Deux traits sont essentiels : les conditions d’accès et l’exercice de la profession.
L'organisation de la Profession à partir du XIVème siècle
Si la profession d’avocat est ancienne – les origines sont grecques et romaines – pour la France, c’est au
XIIIe siècle qu’apparaissent les premiers éléments de son organisation.
Deux textes sont fondamentaux, l’ordonnance du 13 février 1327 et un arrêt de règlement du Parlement de
PARIS de 1344. L’un et l’autre fixent pour cinq siècles les règles essentielles, réaffirmées par quelques
ordonnances royales, notamment de François Ier (1537) et la plupart des grandes ordonnances de
réformation de la justice, Villers-Cotterêts (1539) et les ordonnances sur la procédure civile (1667) et
criminelle (1670).
Les conditions requises pour exercer
Ainsi, pour être avocat, il faut être âgé d’au moins seize ans, ni incapable, ni indigne, ni sous le coup d’une
excommunication et à partir de la révocation de l’Edit de Nantes (1685) confesser la religion catholique.
Le candidat doit avoir obtenu sa licence en droit civil ou canonique délivrée par une faculté du royaume
(obligation imposée par François Ier en 1537).
Avant d’être reçu, il faut prêter serment et être inscrit, immatriculé au rôle d’un barreau.
Enfin, avant d’accéder au titre d’avocat, le jeune aspirant doit accomplir un stage.
Le « novus advocatus » (ancêtre de notre stagiaire), c’est le titre que l’on trouve le plus souvent, apprend son
métier dans le cabinet d’un autre avocat plus ancien. Très fréquemment, il aura appris la pratique chez un
procureur (notre actuel avoué).
La durée du stage est en principe de deux années (arrêt de règlement de 1693) mais ce temps varie d’un
Parlement à un autre. A Paris, à la demande des avocats eux-mêmes, ce délai sera porté à quatre années par
un arrêt du 7 mai 1751.
A l’issue de ce temps d’épreuve, il est inscrit sur le tableau de l’Ordre qui depuis l’ordonnance de 1667 a un
caractère légal. Le jeune avocat peut alors choisir librement sa clientèle.
En réalité, il doit pendant longtemps se contenter de travailler chez un « patron », préparer les dossiers et ne
plaider que rarement. L’avocat était dit alors « écoutant ».
Par la suite, il pouvait affronter la barre.
Le Barreau
L’Ordre est organisé par les avocats eux-mêmes. Ils considèrent qu’ils ne sont pas une corporation, mais
qu’ils sont d’une compagnie libre dont les membres sont liés entre eux par l’exercice d’un ministère. Tous les
avocats qui plaident devant une juridiction constituent un barreau organisé librement, sous l’autorité du
Bâtonnier.
L’avocat a droit à un costume particulier, qui n’est que la transformation progressive au cours des âges, du
costume ecclésiastique.
Muni de son titre, l’avocat peut exercer son ministère ; négligeons ici tous ceux, fort nombreux, qui n’ont
aucune pratique et se contentent du titre, soit en attendant une proposition dans la magistrature, ou
simplement pour avoir une position sociale.

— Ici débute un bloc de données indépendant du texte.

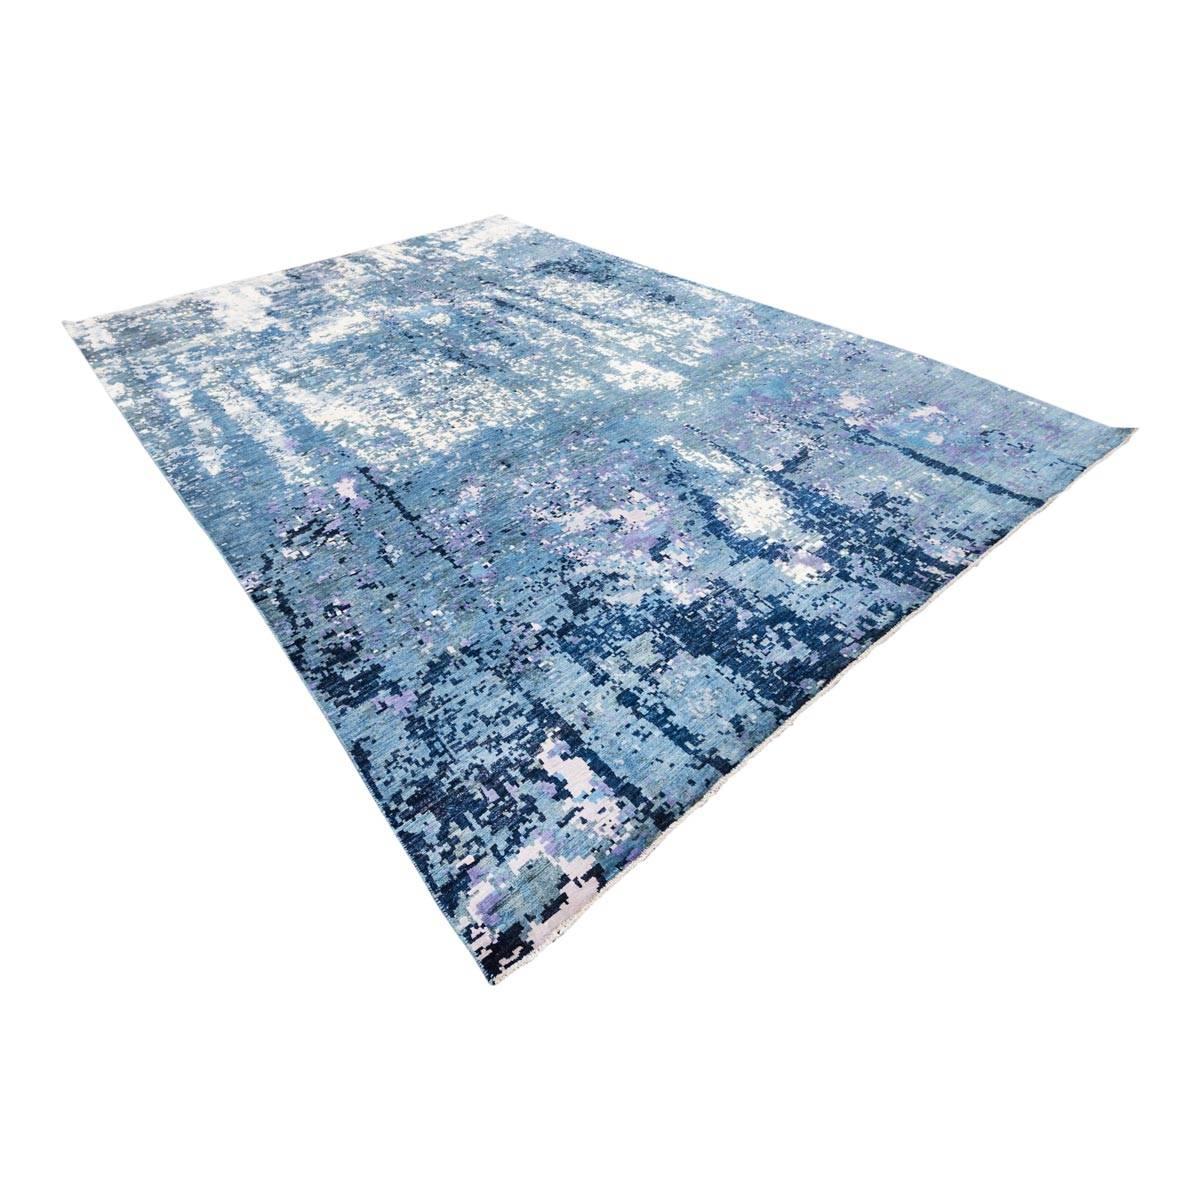 Pakistani Handmade Contemporary Rug in Silk and Wool Blue Shades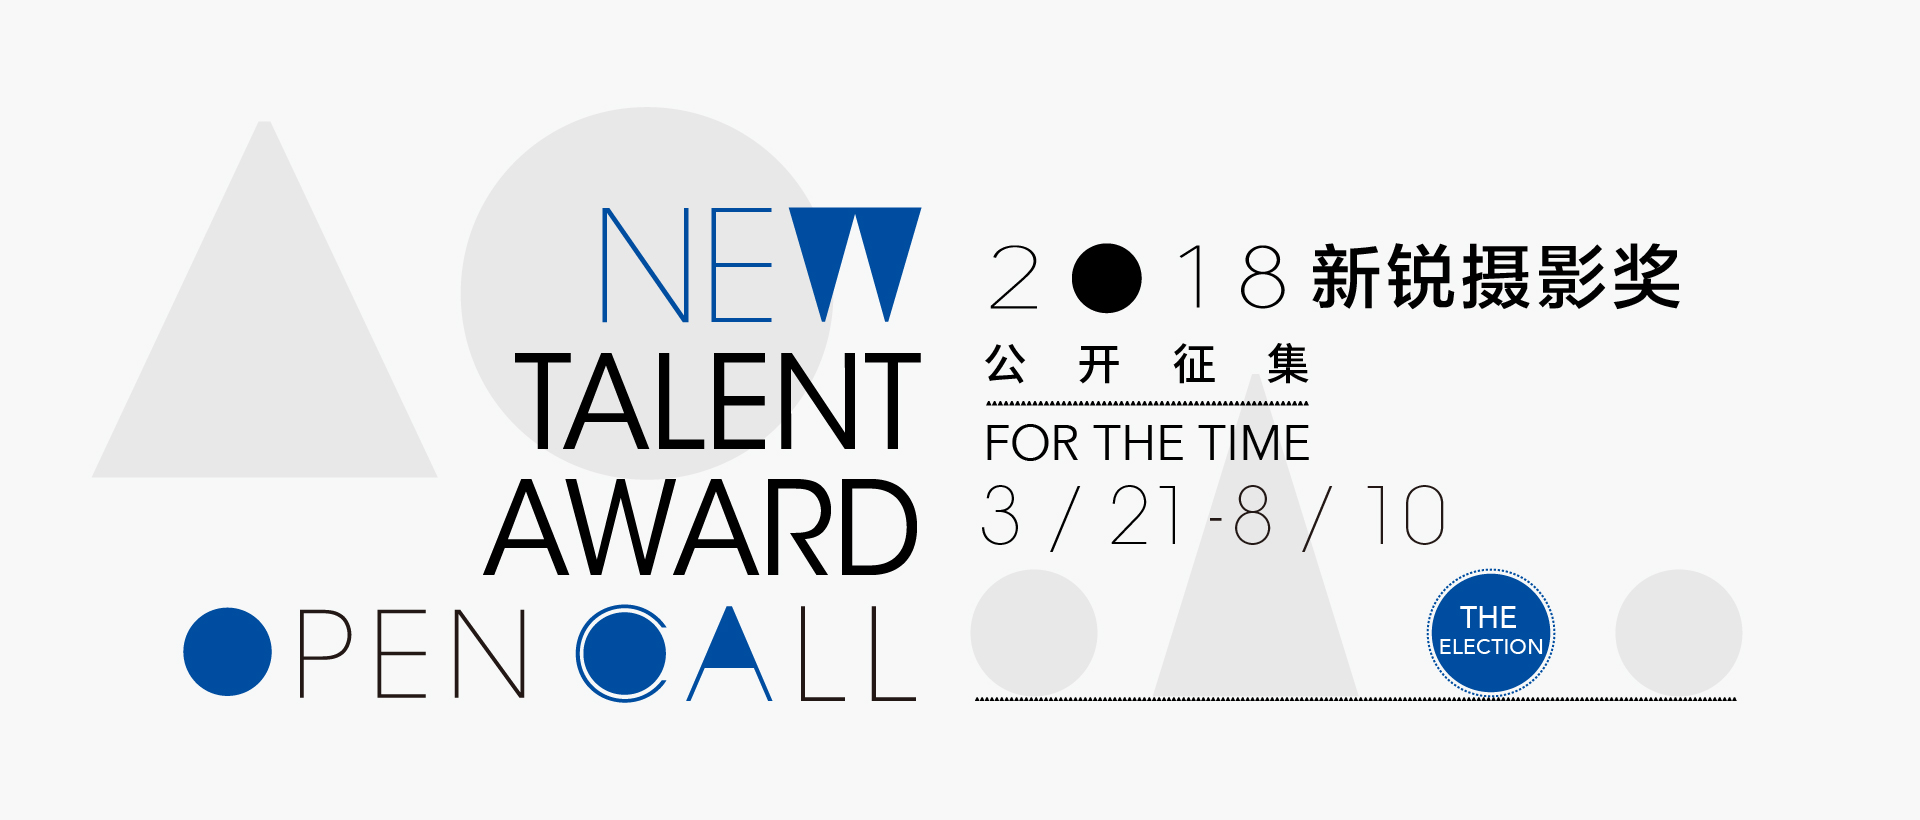 The 2018 New Talent Award is open to Chinese photographers under the age of 35 all over the world.

Le rôle de l'avocat sous l'Ancien Régime
Pour son client, l’avocat est un conseil et un défenseur. L’avocat est un auxiliaire, il conseille, il assiste, il
défend les parties. Les relations de l’avocat et du client sont libres. Toutefois, l’avocat veillera à ne prêter son
concours qu’à de justes causes ; il devra mettre en garde son client contre des procédures téméraires et
déconseiller les procès dans les affaires douteuses.
Au pénal
L’avocat peut déposer dans l’intérêt de ses parties des mémoires auprès du juge ; c’est la seule forme de
défense possible au grand criminel. Depuis l’ordonnance de Villers-Cotterêts, en effet, l’avocat ne peut
plaider.
Au civil
En revanche, en matière civile, l’avocat plaide, c’est même son activité principale ; c’est celle que l’on retient,
celle qui a valu toutes les critiques et pour quelques-uns toutes les éloges.
On reproche en effet aux avocats de plaider trop longuement (malgré de nombreuses ordonnances qui
réclament la concision), de farcir leurs discours de citations qui n’ont rien à voir avec l’affaire (les critiques de
Racine ne sont pas sans fondement) et de procéder par affirmations, voire par mensonges…
Des grands noms du barreau
Quelques avocats en revanche ont laissé un grand nom et se sont distingués par leur éloquence.
Ainsi, au XVIIe siècle, Lemaître, retiré très jeune à Port-Royal, Olivier Patru, modèle de beau langage, et
moins délicat mais peut-être plus efficace, Gauthier.
Au XVIIIe siècle, on retient généralement les noms de Cochin, Lenormand, Gerbier, sans doute le plus
célèbre, Loyseau de Maulon qu’admirait Rousseau et à la veille de la Révolution, Elie de Beaumont et Target,
élu bâtonnier en 1789.
Avocats plaidants et consultants, certains ont acquis notamment quelque notoriété comme jurisconsultes.
Ainsi, Loisel et Lyseau au XVIe siècle, Domat au XVIIe et Argou, Boutaric, Boucher d’Argis et Furgol au
XVIIIe.
Arrivé à la célébrité, l’avocat se retire dans son cabinet et limite son activité à la consultation ; il atteint alors le
stade suprême, celui d’avocat « consultant ».
La rémunération
Si l’avocat choisi librement sa clientèle, il ne peut refuser d’assister ceux qui n’ont pas les moyens d’avoir un
défenseur ; le juge peut le désigner d’office. Devant certaines juridictions, existait même un avocat des
pauvres.
Le client verse à son défenseur des honoraires, considérés comme un bienfait, un cadeau. Ils ne doivent
jamais être réclamés et l’avocat ne peut pas en principe les récupérer en justice si le client a refusé de les
verser.
Il est également interdit à l’avocat de traiter avec son client d’un honoraire proportionné au succès de l’affaire.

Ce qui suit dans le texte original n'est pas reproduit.